Supply-Key-Account-Management
Schlüssel zum Erfolg

Der Einkauf muss sich vom Selbstverständnis eines untergeordneten Dienstleisters lösen und zum strategischen Partner seiner internen Kunden aufsteigen, wenn er seiner großen Bedeutung für die Wettbewerbsfähigkeit des Unternehmens Rechnung tragen will. Ein Blick in die Marketing- und Vertriebsabteilungen zeigt, dass dort schon lange an ähnlichen Fragestellungen gearbeitet wird. Deren Erkenntnisse können auf das Supply Management übertragen werden.

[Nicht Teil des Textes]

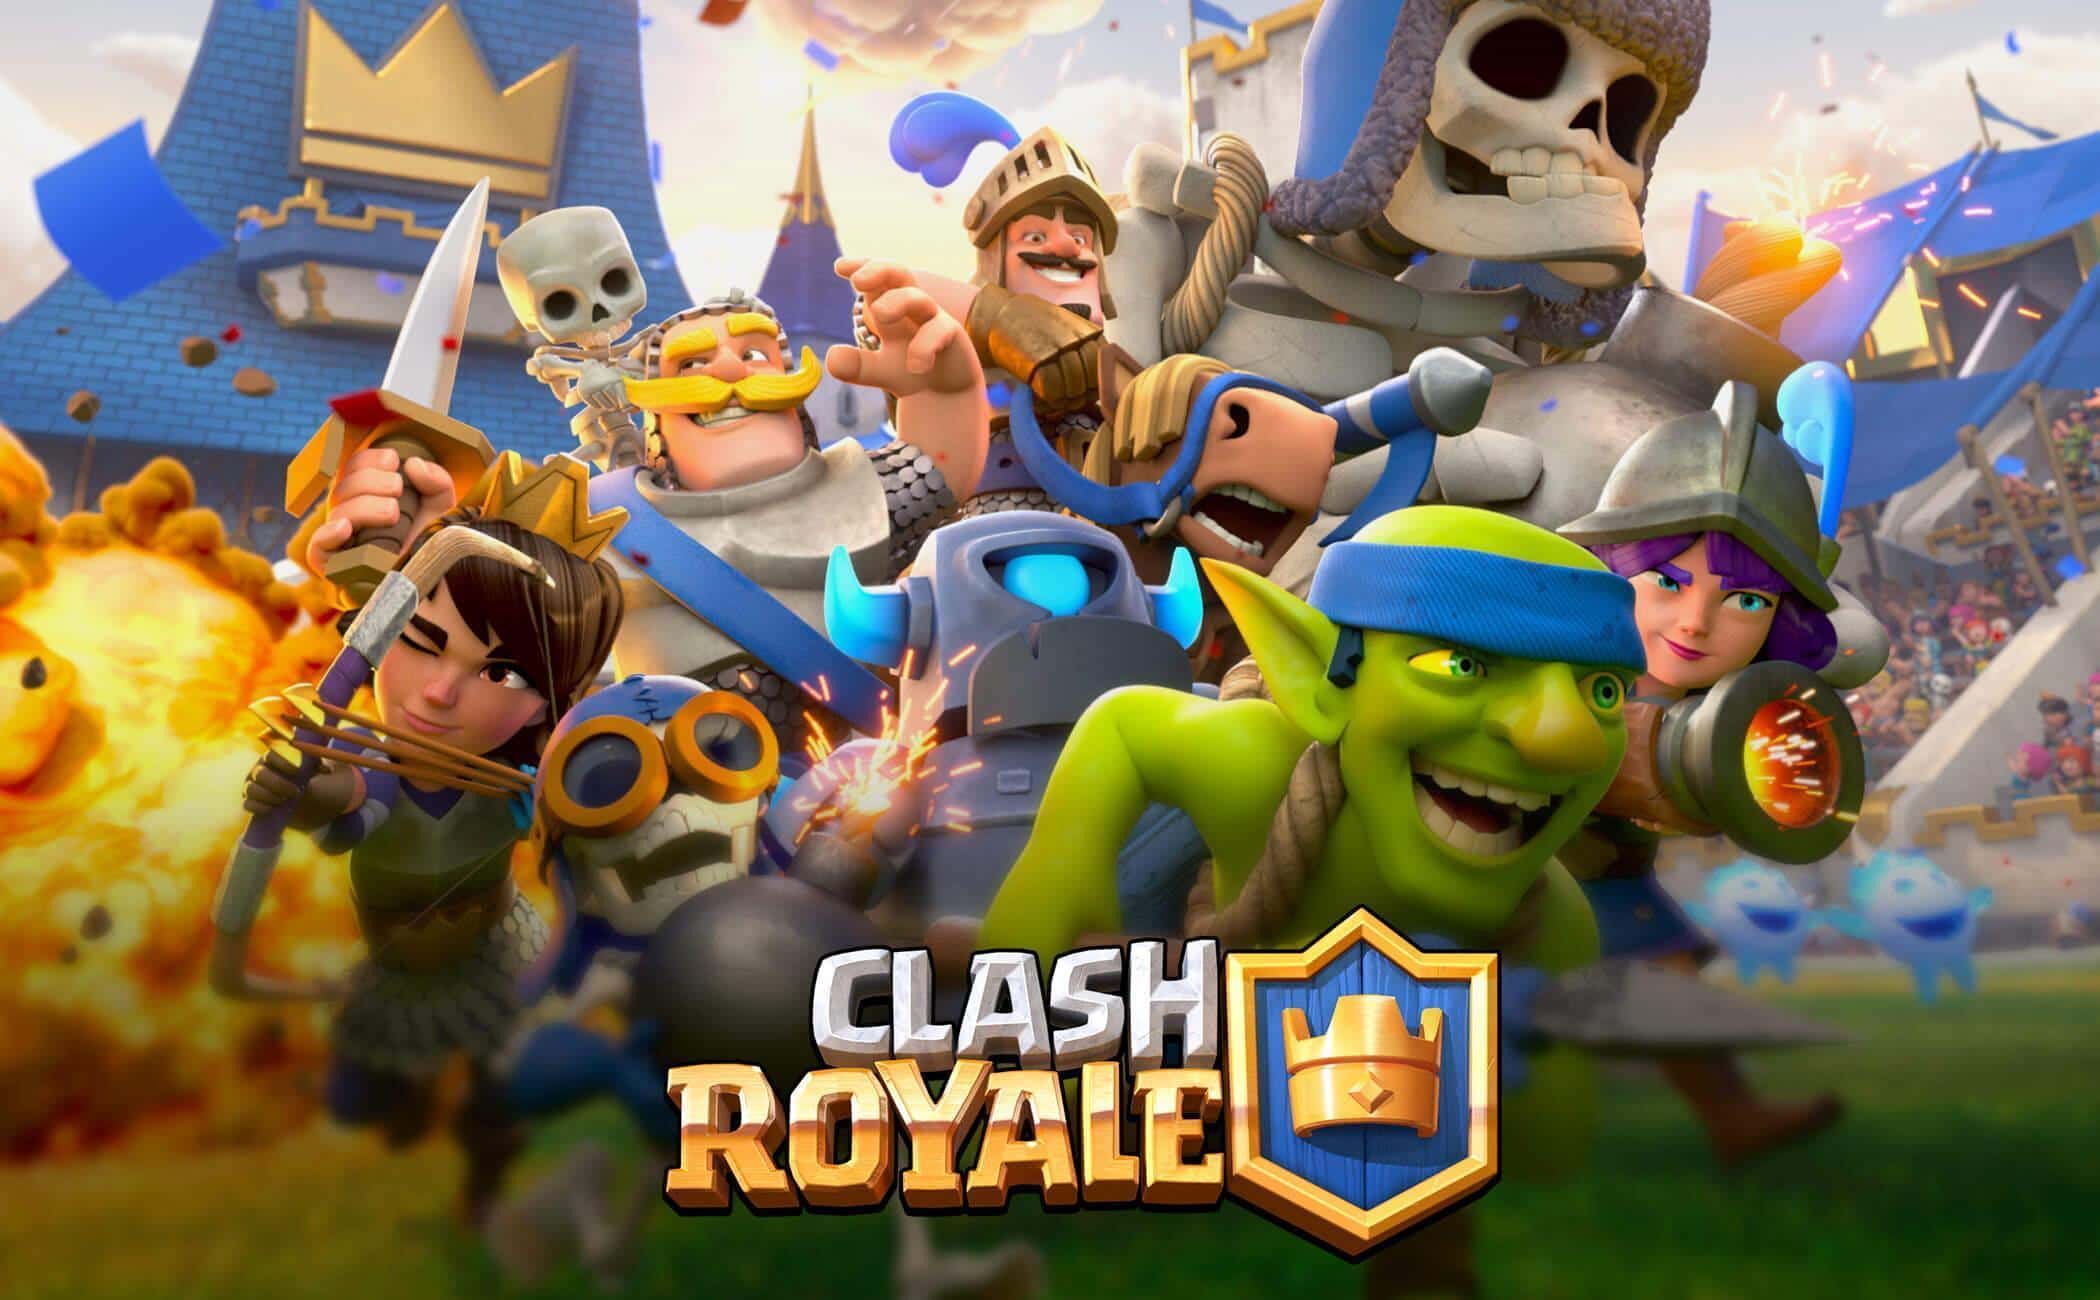 image for clash royale

Dr. Evi Hartmann Dipl.-Kaufm. Sando Reinhardt

Wie selten zuvor befindet sich der Einkauf in jüngster Zeit im Fokus der Unternehmenspraxis. Es wird immer häufiger erkannt, dass im Einkauf ein außerordentliches Potenzial zur Realisierung von Wettbewerbsvorteilen liegt. In Zeiten erhöhten Kostendrucks, voranschreitender Globalisierung der Märkte und Intensivierung des Wettbewerbs gilt dies mehr denn je.

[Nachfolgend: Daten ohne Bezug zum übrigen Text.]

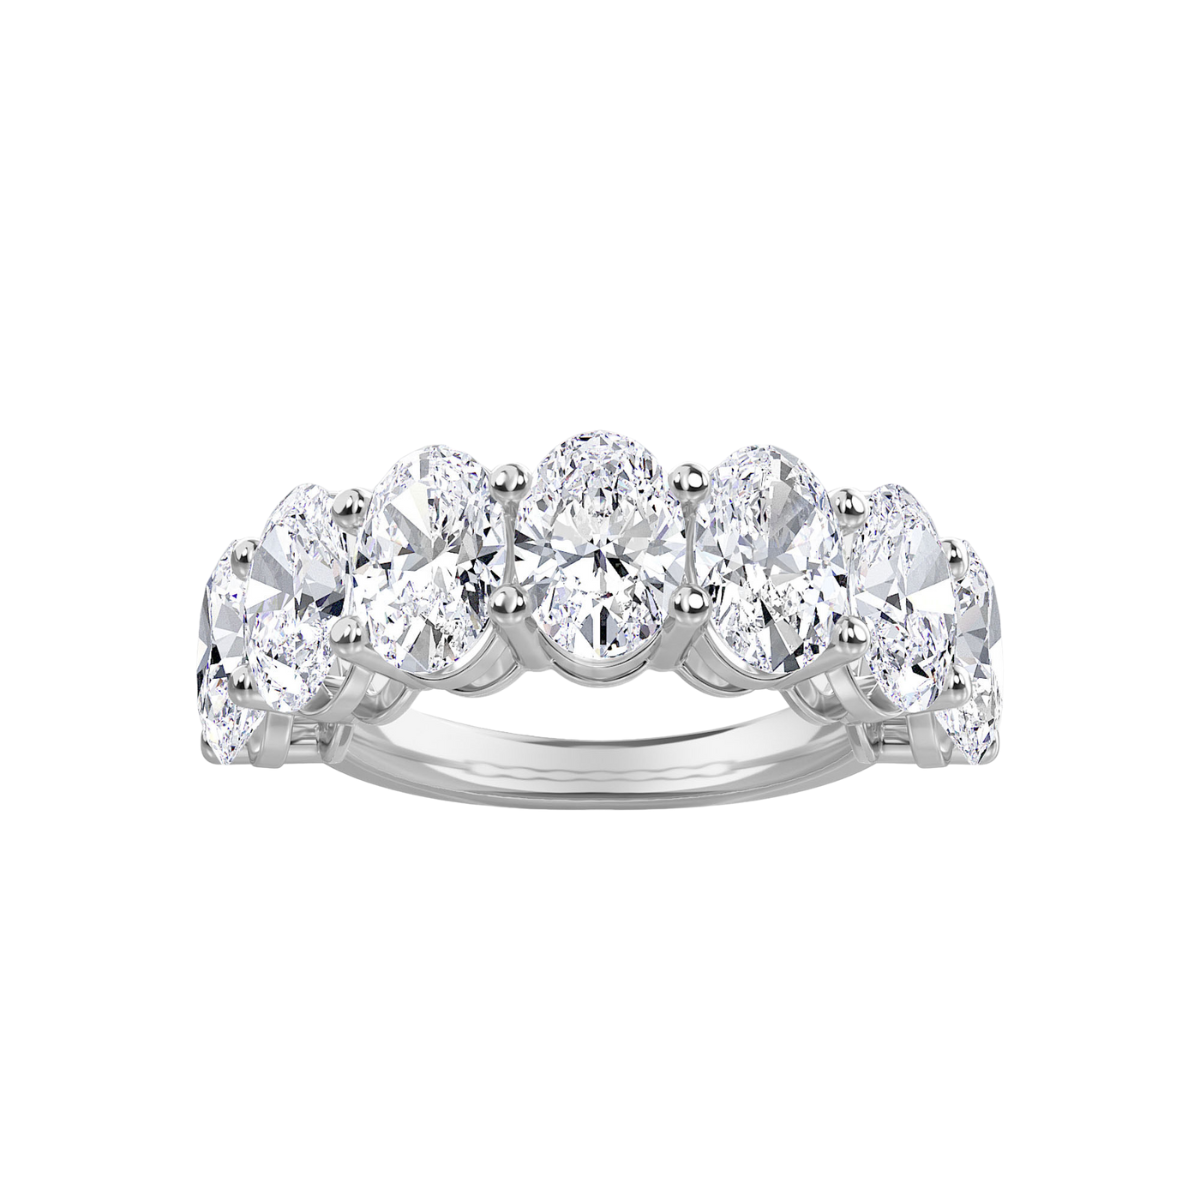 7 stone diamond ring meaning

Dennoch, in vielen Unternehmen werden die hohe Bedeutung und das Potenzial des Einkaufs immer noch verkannt. Oft nimmt der Einkauf nach wie vor die Rolle einer untergeordneten Servicefunktion ein. In diesen Unternehmen stehen die bloße Verbesserung der Einstandspreise und administrative Abwicklungsaufgaben auf der Tagesordnung.
In der Optimierung von Konditionen liegen allerdings keine weiteren signifikanten Potenziale mehr. Dies zeigen eindrucksvoll Negativbeispiele von Unternehmen, die ihre Marktmacht bereits zu stark ausgespielt hatten (Lopez-Effekt).
Und die Begrenzung des Einkaufs auf administrative Aufgaben schafft kaum Mehrwert für das Unternehmen.
Wie kann das Potenzial des Einkaufs nun aber ausgeschöpft werden?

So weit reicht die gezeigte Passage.